🟫長野|上川・宮川流域 ― 川筋を越えるせぎで、山の水を田畑へ分けた土地

上川・宮川流域の山・水・農地・集落をイメージしたAI生成画像
上川・宮川流域の要点八ヶ岳、蓼科山、霧ヶ峰などの山麓から下る沢や小河川は、上川と宮川へ集まり、茅野から諏訪湖南岸にかけて沖積地をつくりながら、諏訪湖へ向かいます。川の水は、すべての田畑へ同じように届いたわけではありません。人びとは「せぎ」と呼ばれる用水路を築き、水量の多い川から水の少ない地域へ水を送りました。自然の川が山麓から湖へ向かって下る一方、滝之湯堰や大河原堰などのせぎは、複数の川筋を横切りながら水を運びました。せぎによって低地や湿地に田畑が広がる一方、周囲の微高地には集落や町場がつくられてきました。上川・宮川流域では、人びとが山麓から下る水をせぎによって別の川筋へ送り、沖積地の田畑・集落・町場を支えてきました。

1|山麓から水と土砂が集まる上川・宮川

茅野市の東側から北東側には、八ヶ岳、蓼科山、霧ヶ峰へ続く山麓が広がっています。山腹や山麓に発した湧水、沢、小河川は、台地や谷を削りながら西へ流れ、上川と宮川へ集まります。
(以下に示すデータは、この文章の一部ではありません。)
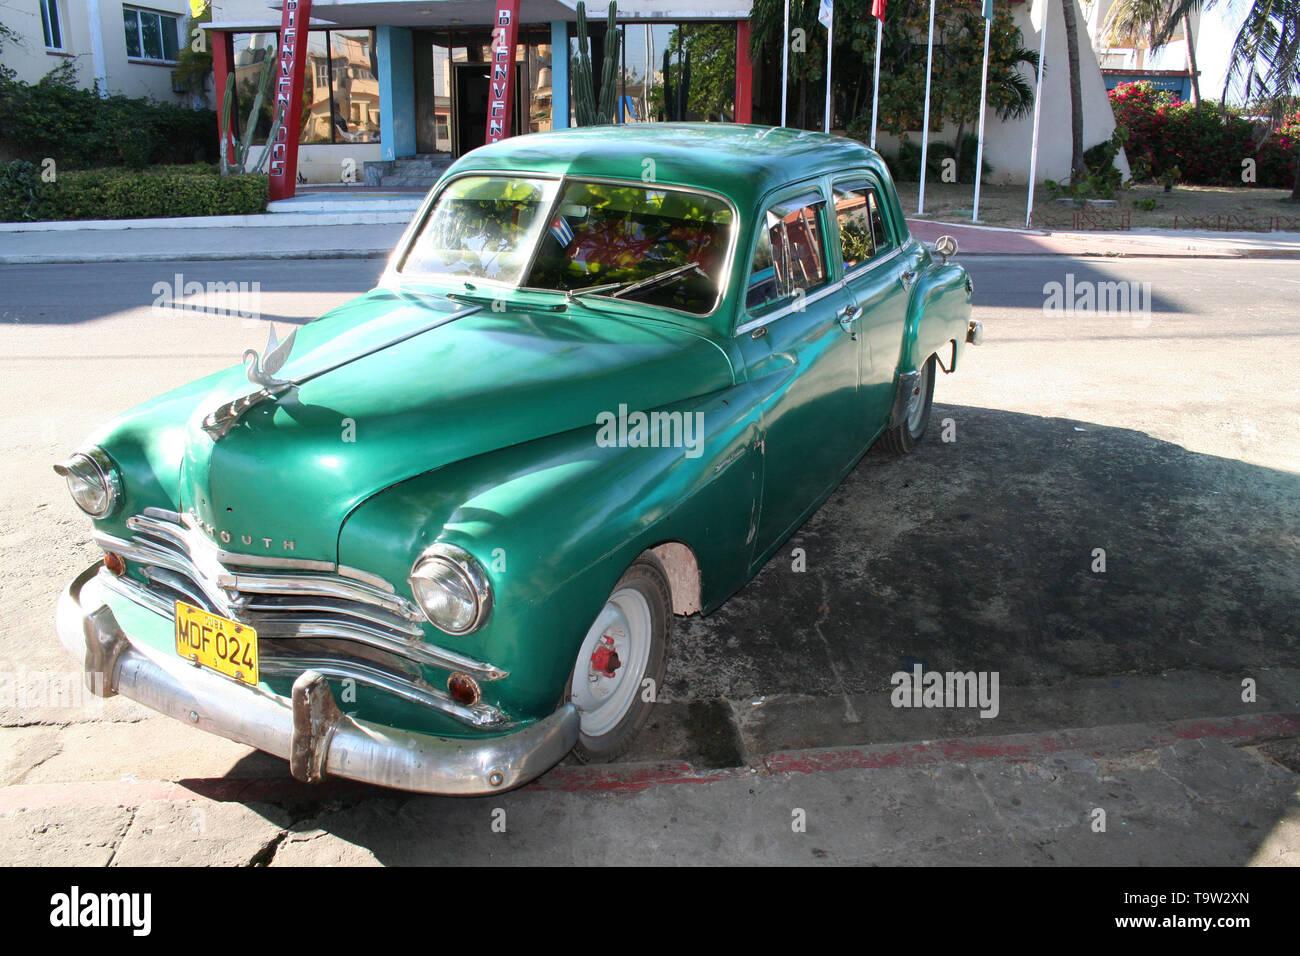 old car in Cuba - Stock Image

上川は、茅野市街地の北側から西側を流れて諏訪湖へ向かいます。宮川も八ヶ岳山麓などから流れ下り、宮川地区を通って諏訪湖へ向かいます。下流の安国寺橋付近では、宮川の水が取翻川へ分けられ、上川へ流れ込んでいます。

二つの川は、水だけでなく、山麓から土砂も運びました。川が繰り返し流れ、土砂を積み重ねたことで、茅野から諏訪湖南岸にかけて平地が広がりました。

この平地には、田畑、集落、町場、鉄道、道路が置かれています。現在の茅野市街地と周辺の農地の基礎には、上川・宮川と支流が長い時間をかけてつくった土地があります。

2|二つの川がつくった沖積地

上川・宮川周辺の平地は、どこも同じ高さや水分条件を持つ土地ではありません。

茅野駅や市役所周辺には、周囲より少し高い沖積段丘面があります。その周辺には、川が運んだ土砂によってできた低地や、地下水が湧きやすい湿地が広がっています。

その後、平地には市街地が広がり、鉄道や幹線道路、大型施設が置かれました。しかし、市街地の下には、川が運んだ土砂、湧水、湿地、旧河道がつくった地形が残っています。

3|自然の川だけでは足りなかった水

八ヶ岳山麓には多くの沢や湧水がありますが、田畑に必要な水が、すべての地域へ同じように届いたわけではありません。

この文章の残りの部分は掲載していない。